GRIP: Feedback-Guided Prompt Retrieval for Large Multimodal Models
Summary
GRIP (Guided Retrieval of In-context Prompts) is a new learnable vision-only retrieval framework designed to enhance Multimodal In-Context Learning (M-ICL) for Large Multimodal Models (LMMs). It addresses the limitation of traditional similarity-based retrieval, which often fails to provide truly beneficial in-context examples. GRIP leverages direct feedback from LMMs to identify examples that genuinely improve predictions, employing contrastive training to distinguish useful from detrimental context. This framework consistently outperforms similarity-based methods across classification, captioning, and VQA tasks on Qwen2.5-VL-7B, showing its strongest gains in classification on Idefics2-8B. Notably, retrievers trained with feedback from one open LMM can be transferred to other models, including closed-source GPT-4o and Gemini, without requiring retraining, enabling scalable and cost-efficient M-ICL deployment.
Key takeaway
For AI Engineers optimizing Large Multimodal Model performance, GRIP offers a superior method for in-context example retrieval, moving beyond simple similarity to leverage LMM feedback directly. This approach significantly boosts M-ICL across tasks like VQA and classification, and its transferability to models like GPT-4o and Gemini enables scalable, cost-efficient deployment without retraining. You should consider integrating GRIP to enhance your LMM applications.
Key insights
GRIP uses LMM feedback to learn effective in-context example retrieval, outperforming similarity-based methods and transferring across models.
Principles
- Visual similarity does not guarantee useful M-ICL context.
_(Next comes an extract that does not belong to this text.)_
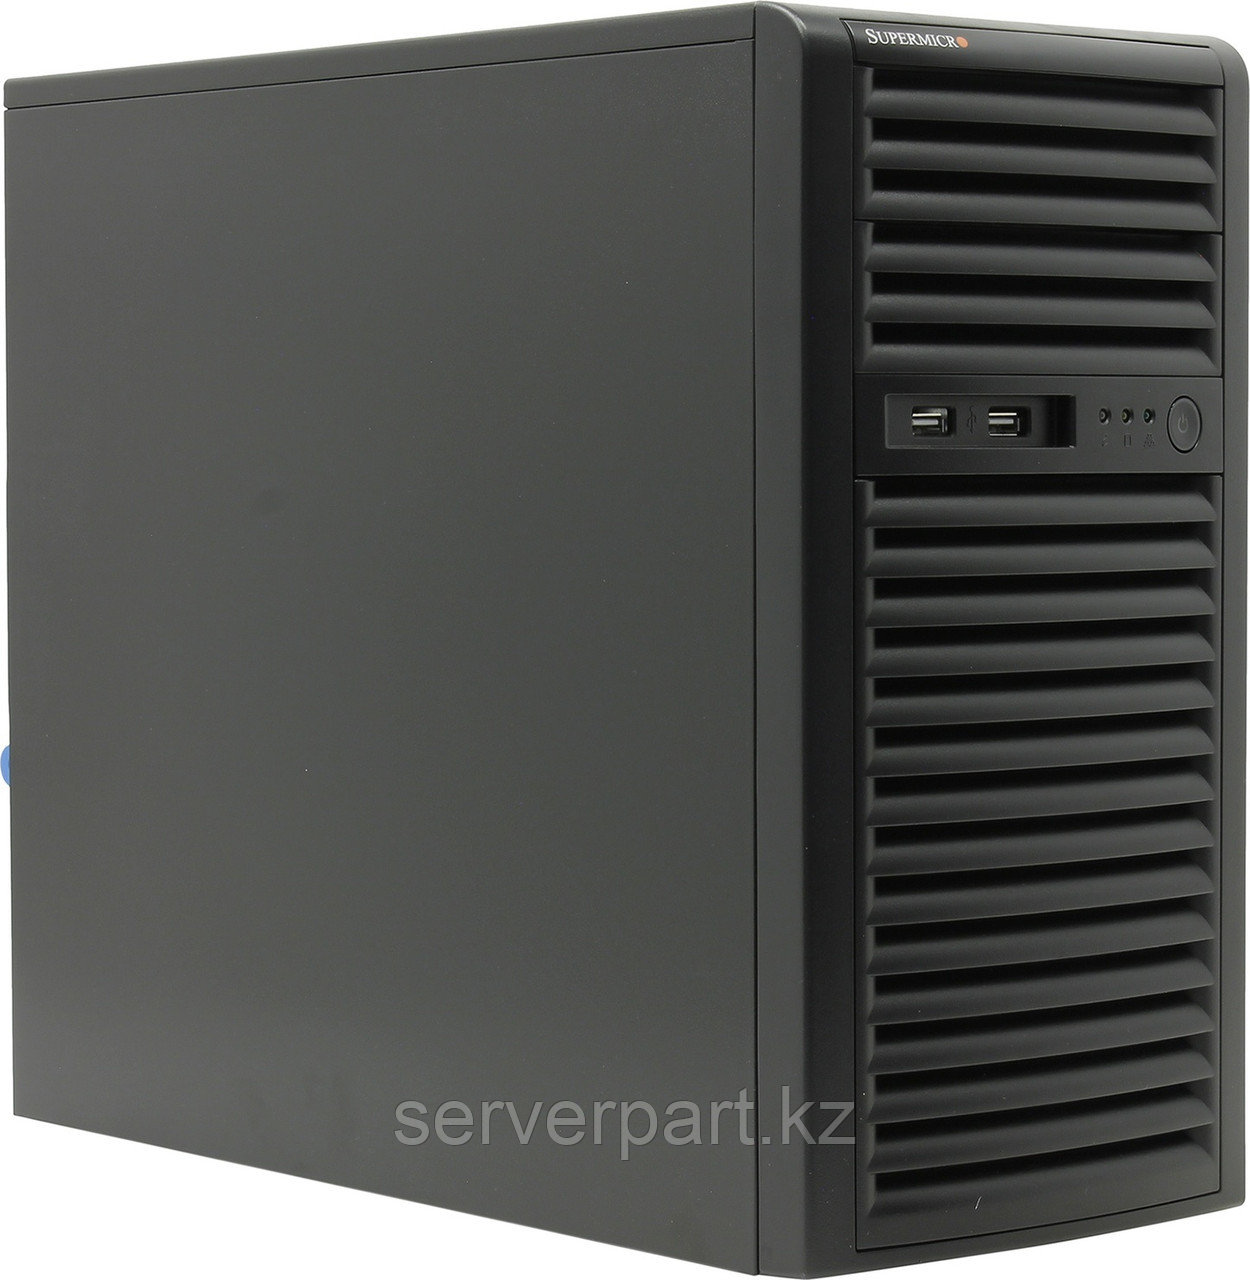 Сервер Supermicro SYS-5039D Tower/4-core intel xeon E3-1220v6 3GHz/32GB UDIMM nECC/1x480GB SSD RI Hyb

- LMM feedback can guide retrieval for better performance.
- Feedback-trained retrievers are transferable across LMMs.
Method
GRIP employs a learnable vision-only retrieval framework. It uses contrastive training to distinguish beneficial from detrimental in-context examples based on LMM prediction feedback.
In practice
- Deploy GRIP for M-ICL tasks like VQA or classification.
- Train retrievers once for use across diverse LMMs.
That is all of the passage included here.